Patrimonio Culturale Immateriale: nuove competenze tra territori e governance

Un master interdisciplinare che forma esperti nella valorizzazione e tutela del patrimonio culturale immateriale, con forti legami con le istituzioni e il territorio.

Tipologia

Master di primo Livello

Modalità

Presenza (Bologna e Ravenna)

Destinatari

Laureati triennali in discipline umanistiche, economiche, giuridiche, AFAM

Il Core Didattico: interdisciplinarità e applicazione

Il Master in Patrimonio Culturale Immateriale offre un percorso formativo strutturato per rispondere alle esigenze contemporanee di tutela e valorizzazione delle pratiche e dei saperi culturali non materiali.

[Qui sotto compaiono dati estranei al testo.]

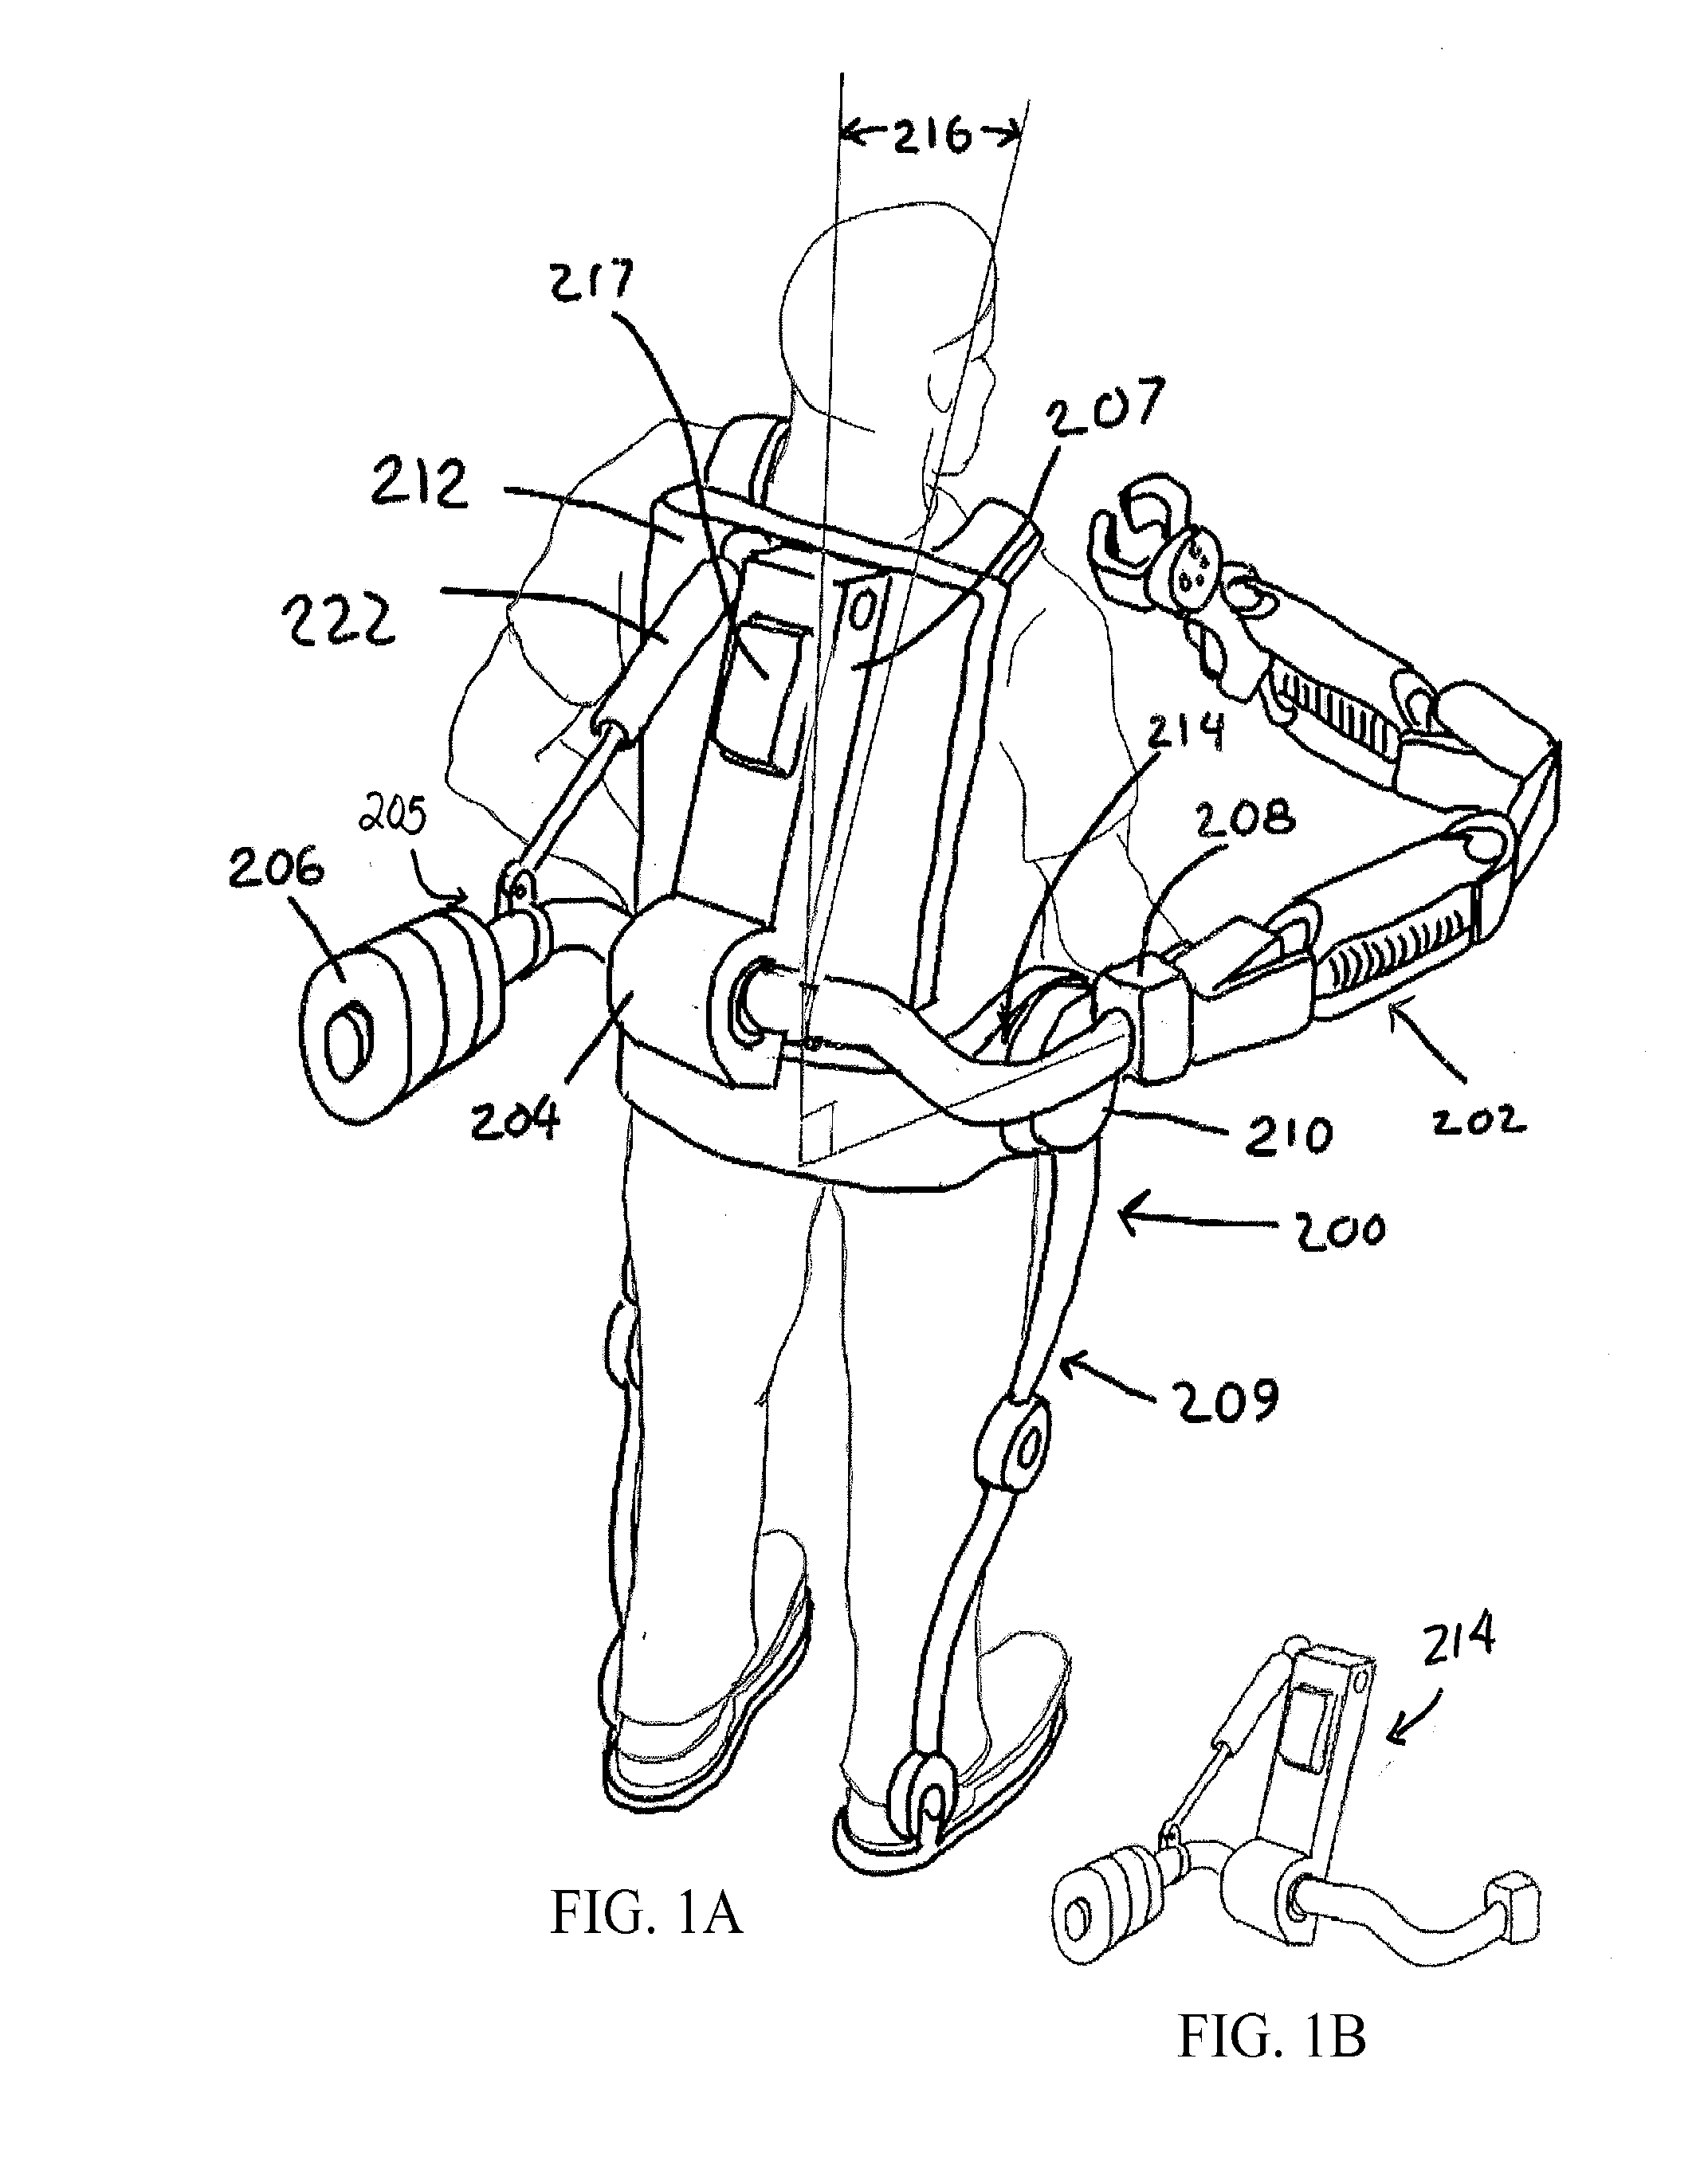 Exoskeleton arm interface

Il programma integra moduli giuridici, economici, demo-etnoantropologici e dello spettacolo, favorendo una visione complessa e aggiornata del settore. Gli insegnamenti, per un totale di 60 CFU, comprendono discipline quali antropologia culturale, diritto del patrimonio, documentazione e governance, arricchiti da attività integrative mirate. La didattica si svolge in presenza, tra Bologna e Ravenna, e prevede una frequenza obbligatoria del 70%, garanzia di un apprendimento solido e partecipato.

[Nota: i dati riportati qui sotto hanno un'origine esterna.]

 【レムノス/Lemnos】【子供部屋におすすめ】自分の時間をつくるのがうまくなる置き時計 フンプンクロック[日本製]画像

Obiettivi e profili in uscita

Il percorso mira a formare professionisti capaci di operare nella consulenza, progettazione e gestione di processi di patrimonializzazione e valorizzazione presso amministrazioni pubbliche, enti culturali e comunità locali. Particolare attenzione è riservata ai settori delle arti performative, artigianato e agroalimentare, ambiti in cui si richiedono competenze specifiche per il riconoscimento delle pratiche, la ricerca di finanziamenti e la redazione di studi e report. Gli studenti acquisiscono strumenti per accompagnare sia la governance istituzionale sia le iniziative dal basso, potenziando il dialogo interculturale e lo sviluppo sostenibile dei territori.

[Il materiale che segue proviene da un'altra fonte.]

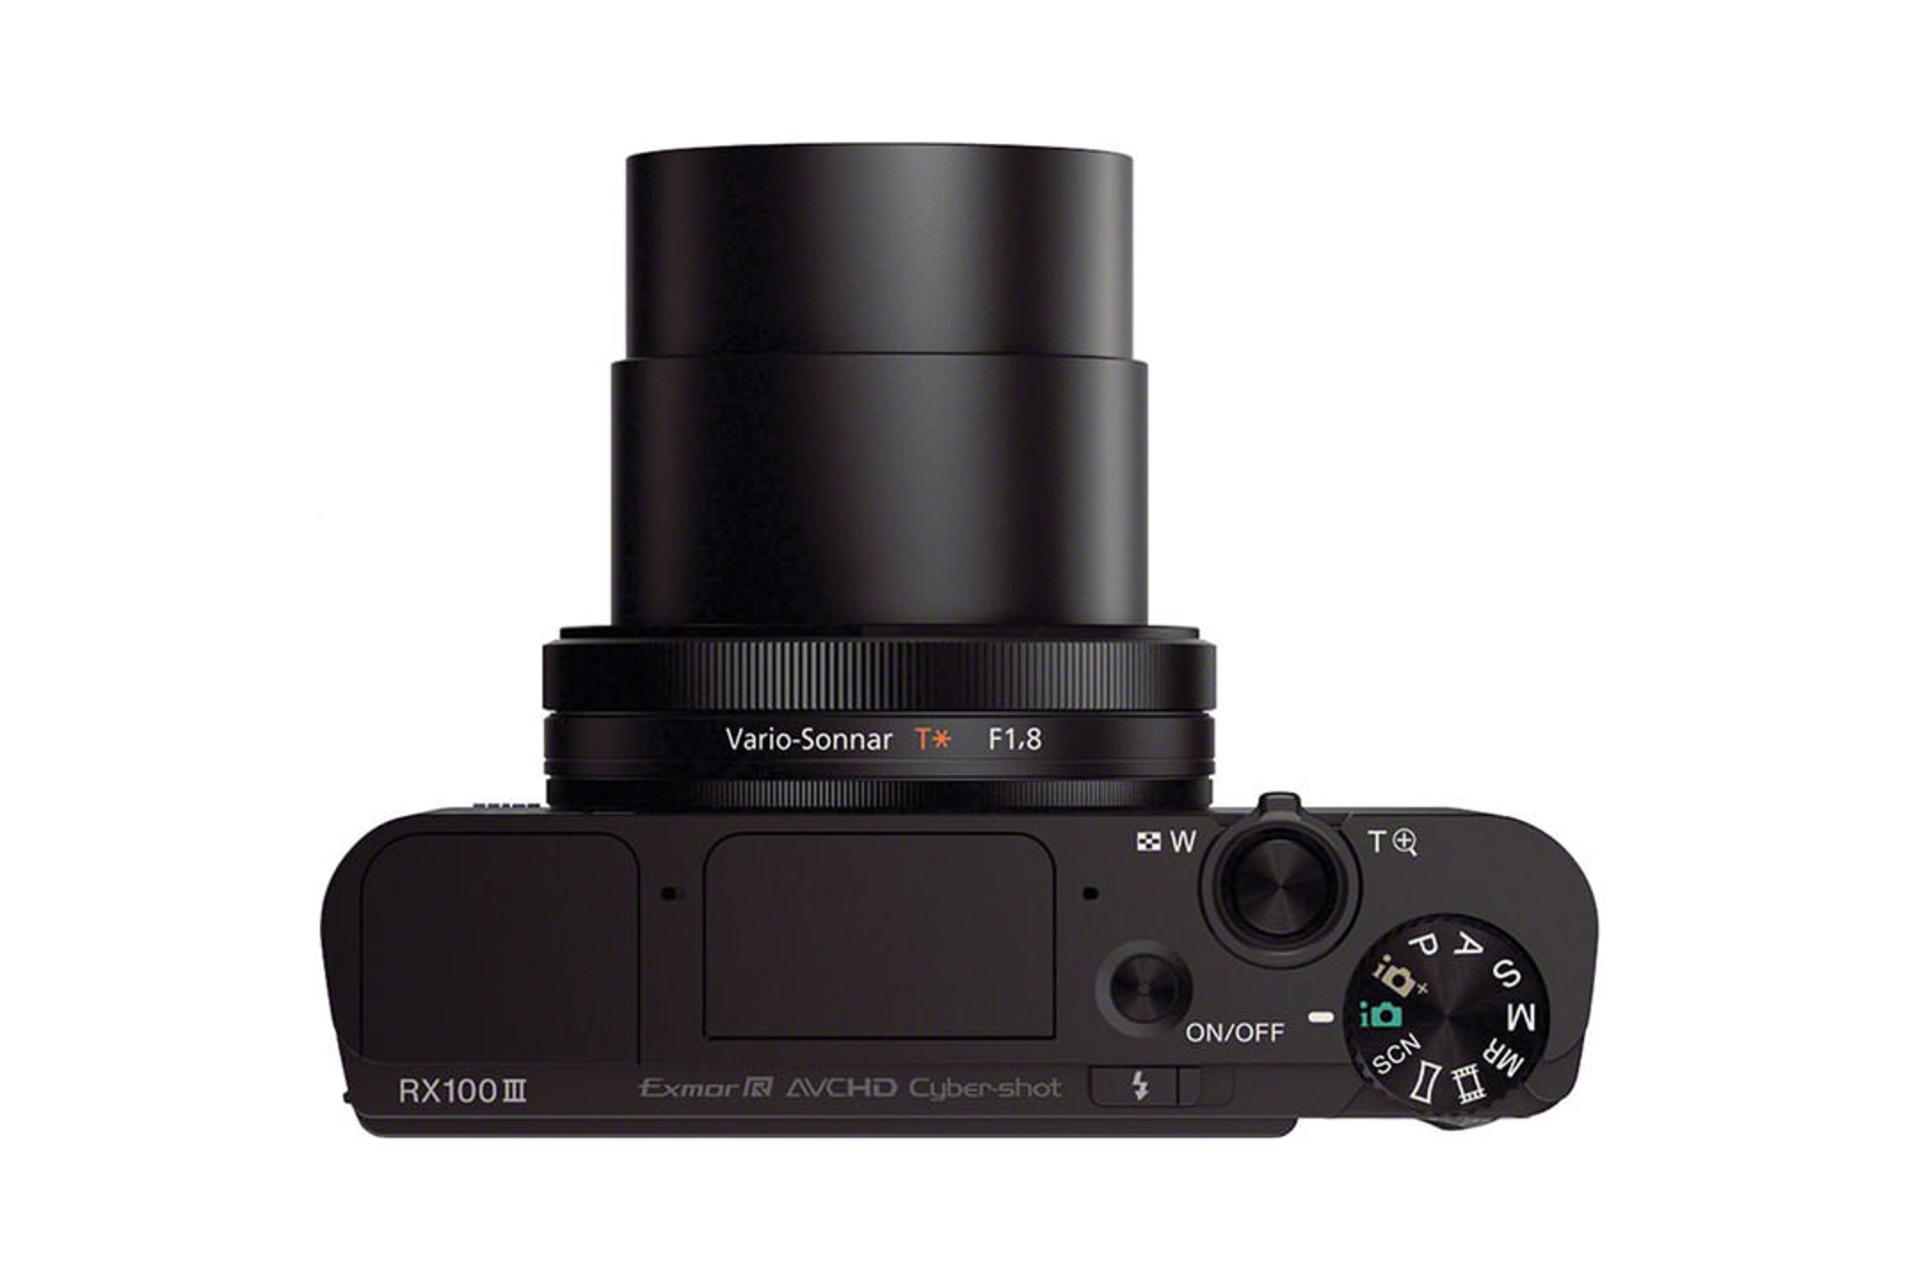 Sony Cyber-shot DSC-RX100 III

Stage e Placement: esperienza concreta per il futuro

Elemento distintivo del master è lo stage di 500 ore (pari a 20 CFU), parte integrante del percorso, che può essere sostituito da un project work per chi già opera nel settore. Questa esperienza pratica consente di entrare in contatto diretto con enti pubblici, musei, amministrazioni e comunità locali, favorendo la costruzione di una rete professionale e l'applicazione sul campo delle conoscenze acquisite. L’attività di placement è orientata a facilitare l’inserimento in ruoli di consulenza, analisi e progettazione, rispondendo alle esigenze di un mercato in crescita e in costante evoluzione.

Lo sapevi che?

L'ammissione richiede una conoscenza della lingua inglese almeno a livello B1, verificata durante il colloquio di selezione: un requisito importante per lavorare in contesti interculturali e internazionali.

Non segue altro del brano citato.